> _PROBLEM TO WORK ON_
Each record listed below is to be output exactly as written.

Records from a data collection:
----------------

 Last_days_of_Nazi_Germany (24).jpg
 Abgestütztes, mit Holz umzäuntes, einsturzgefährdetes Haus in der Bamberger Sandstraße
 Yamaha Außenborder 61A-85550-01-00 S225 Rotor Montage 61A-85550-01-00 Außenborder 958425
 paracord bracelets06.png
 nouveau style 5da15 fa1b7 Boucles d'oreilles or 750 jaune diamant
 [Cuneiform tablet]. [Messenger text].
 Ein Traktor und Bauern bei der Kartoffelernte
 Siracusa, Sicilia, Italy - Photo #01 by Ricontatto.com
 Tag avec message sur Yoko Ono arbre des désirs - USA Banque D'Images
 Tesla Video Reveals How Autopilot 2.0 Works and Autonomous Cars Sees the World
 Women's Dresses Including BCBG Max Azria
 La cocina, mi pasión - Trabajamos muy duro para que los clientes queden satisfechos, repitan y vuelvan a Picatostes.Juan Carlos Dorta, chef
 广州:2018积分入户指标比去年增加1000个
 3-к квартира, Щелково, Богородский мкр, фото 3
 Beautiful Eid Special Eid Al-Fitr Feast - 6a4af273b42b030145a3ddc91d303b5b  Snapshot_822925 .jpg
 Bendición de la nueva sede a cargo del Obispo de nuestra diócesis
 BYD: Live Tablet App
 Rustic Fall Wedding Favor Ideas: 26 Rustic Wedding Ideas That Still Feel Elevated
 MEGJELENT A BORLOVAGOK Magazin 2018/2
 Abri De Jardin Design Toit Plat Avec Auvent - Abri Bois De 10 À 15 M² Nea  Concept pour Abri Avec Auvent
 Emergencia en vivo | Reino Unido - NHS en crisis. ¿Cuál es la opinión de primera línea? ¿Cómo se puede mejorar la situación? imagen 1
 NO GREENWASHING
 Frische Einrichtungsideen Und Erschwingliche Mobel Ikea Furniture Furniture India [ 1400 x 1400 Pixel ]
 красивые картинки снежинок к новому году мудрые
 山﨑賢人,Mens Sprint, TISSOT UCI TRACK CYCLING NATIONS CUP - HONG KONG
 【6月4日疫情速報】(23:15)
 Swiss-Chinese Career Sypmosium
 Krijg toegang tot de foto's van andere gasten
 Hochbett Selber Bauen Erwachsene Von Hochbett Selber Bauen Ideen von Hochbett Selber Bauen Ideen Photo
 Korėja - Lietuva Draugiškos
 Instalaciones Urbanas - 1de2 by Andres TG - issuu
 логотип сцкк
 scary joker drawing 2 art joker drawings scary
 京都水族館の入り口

----------------

> _EXERCISE ANSWER_
 Last_days_of_Nazi_Germany (24).jpg
 Abgestütztes, mit Holz umzäuntes, einsturzgefährdetes Haus in der Bamberger Sandstraße
 Yamaha Außenborder 61A-85550-01-00 S225 Rotor Montage 61A-85550-01-00 Außenborder 958425
 paracord bracelets06.png
 nouveau style 5da15 fa1b7 Boucles d'oreilles or 750 jaune diamant
 [Cuneiform tablet]. [Messenger text].
 Ein Traktor und Bauern bei der Kartoffelernte
 Siracusa, Sicilia, Italy - Photo #01 by Ricontatto.com
 Tag avec message sur Yoko Ono arbre des désirs - USA Banque D'Images
 Tesla Video Reveals How Autopilot 2.0 Works and Autonomous Cars Sees the World
 Women's Dresses Including BCBG Max Azria
 La cocina, mi pasión - Trabajamos muy duro para que los clientes queden satisfechos, repitan y vuelvan a Picatostes.Juan Carlos Dorta, chef
 广州:2018积分入户指标比去年增加1000个
 3-к квартира, Щелково, Богородский мкр, фото 3
 Beautiful Eid Special Eid Al-Fitr Feast - 6a4af273b42b030145a3ddc91d303b5b  Snapshot_822925 .jpg
 Bendición de la nueva sede a cargo del Obispo de nuestra diócesis
 BYD: Live Tablet App
 Rustic Fall Wedding Favor Ideas: 26 Rustic Wedding Ideas That Still Feel Elevated
 MEGJELENT A BORLOVAGOK Magazin 2018/2
 Abri De Jardin Design Toit Plat Avec Auvent - Abri Bois De 10 À 15 M² Nea  Concept pour Abri Avec Auvent
 Emergencia en vivo | Reino Unido - NHS en crisis. ¿Cuál es la opinión de primera línea? ¿Cómo se puede mejorar la situación? imagen 1
 NO GREENWASHING
 Frische Einrichtungsideen Und Erschwingliche Mobel Ikea Furniture Furniture India [ 1400 x 1400 Pixel ]
 красивые картинки снежинок к новому году мудрые
 山﨑賢人,Mens Sprint, TISSOT UCI TRACK CYCLING NATIONS CUP - HONG KONG
 【6月4日疫情速報】(23:15)
 Swiss-Chinese Career Sypmosium
 Krijg toegang tot de foto's van andere gasten
 Hochbett Selber Bauen Erwachsene Von Hochbett Selber Bauen Ideen von Hochbett Selber Bauen Ideen Photo
 Korėja - Lietuva Draugiškos
 Instalaciones Urbanas - 1de2 by Andres TG - issuu
 логотип сцкк
 scary joker drawing 2 art joker drawings scary
 京都水族館の入り口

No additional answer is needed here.